Beyond Training: The Never-Ending Cost of Inference
The massive environmental cost isn’t just a one-time expenditure during training. Once a model is trained, it is deployed for “inference”—the technical term for when users like us ask it questions. Every single query sent to an LLM requires a computational cycle, which consumes more energy and, in turn, more water for cooling.
While the cost of a single query is tiny, the scale is planetary. With hundreds of millions of people now using these services daily, the cumulative cost of inference is enormous and ongoing.
A report from Google itself revealed a shocking, tangible metric: a simple conversation of 20 to 50 prompts with an LLM can have a water footprint of about 500 ml (16 oz). Every time you ask a series of questions, you are essentially causing a bottle of water to be consumed for data centre cooling. Scaled across billions of daily interactions, this adds up to an unsustainable, continuous drain on global resources.
The Path to Sustainable AI: Mitigation and Responsibility
The goal is not to demonize AI or halt its progress. The benefits of these models in science, medicine, and education are undeniable. The challenge, therefore, is to pursue this progress responsibly. The industry is beginning to respond with a multi-pronged approach:
- Efficient Models: Researchers are developing new techniques like “model pruning” (trimming down less important parts of the model) and “quantization” (using less precise but more efficient numbers) to make LLMs smaller and less computationally expensive without sacrificing too much performance.

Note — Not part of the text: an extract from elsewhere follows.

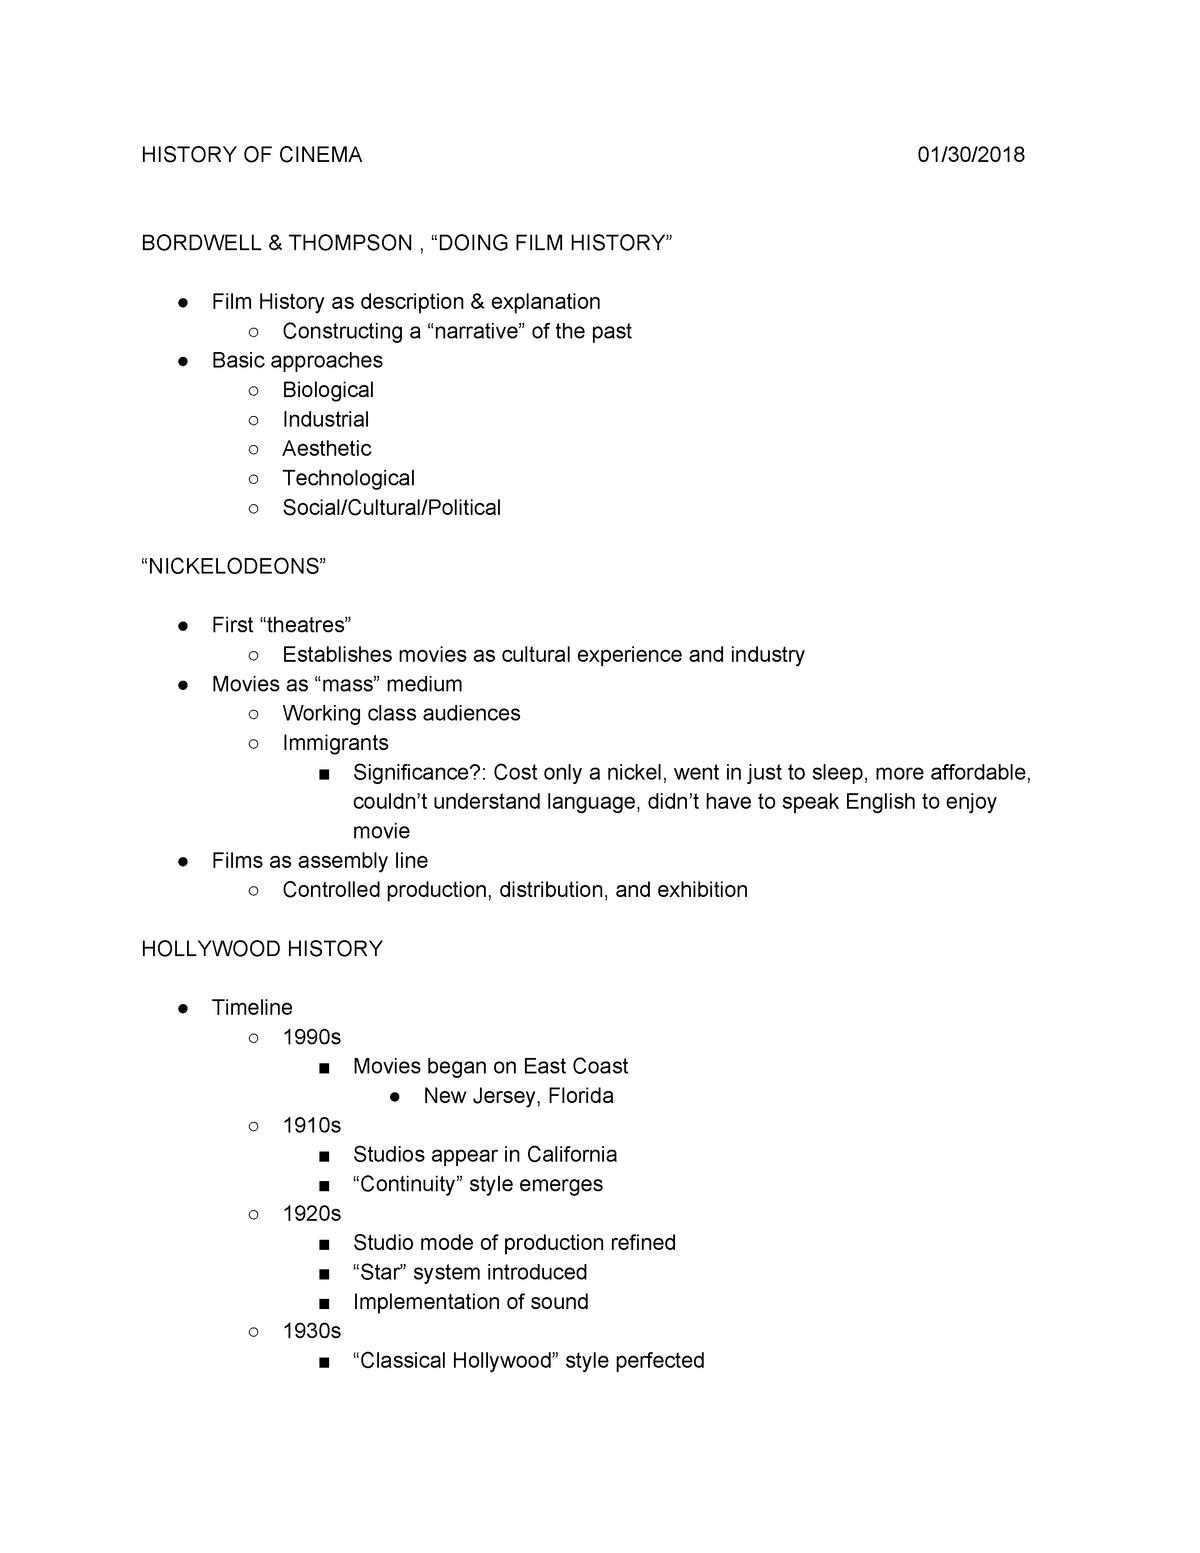 CMN 102 Notes - CMN 102: Introduction To Mass Communication

- Efficient Hardware: Companies like Google and NVIDIA are designing next-generation chips (TPUs and GPUs) that are specifically optimized for AI workloads, aiming to deliver more computational power for every watt of energy consumed.
- Smarter Data Centres: Tech giants are actively working to improve the efficiency of their facilities. This includes powering them with renewable energy (Google and Microsoft have pledged to match 100% of their energy use with renewable purchases), locating new data centres in colder climates to reduce cooling needs, and investing in advanced, water-free cooling technologies.
- The Need for Transparency: Perhaps the most critical step is for AI companies to be transparent. A future where major AI labs regularly publish an “AI Nutrition Label” for their models—detailing the training energy, carbon footprint, and water usage—would allow customers and researchers to make informed choices and drive the industry toward a more sustainable standard.
Conclusion: Intelligence Without Costing the Earth
Large Language Models are one of humanity’s most powerful new tools, but they are not magic. They are industrial products built on a foundation of immense physical resources. The ethereal cloud has a shadow on the ground, measured in megawatts of power and millions of litres of water.
As we stand at the dawn of the AI age, our greatest challenge is not just to build more intelligent systems, but to build them wisely. The true mark of genius in the coming decade will be found not just in the capabilities of our AI, but in our ability to achieve that intelligence without costing the Earth.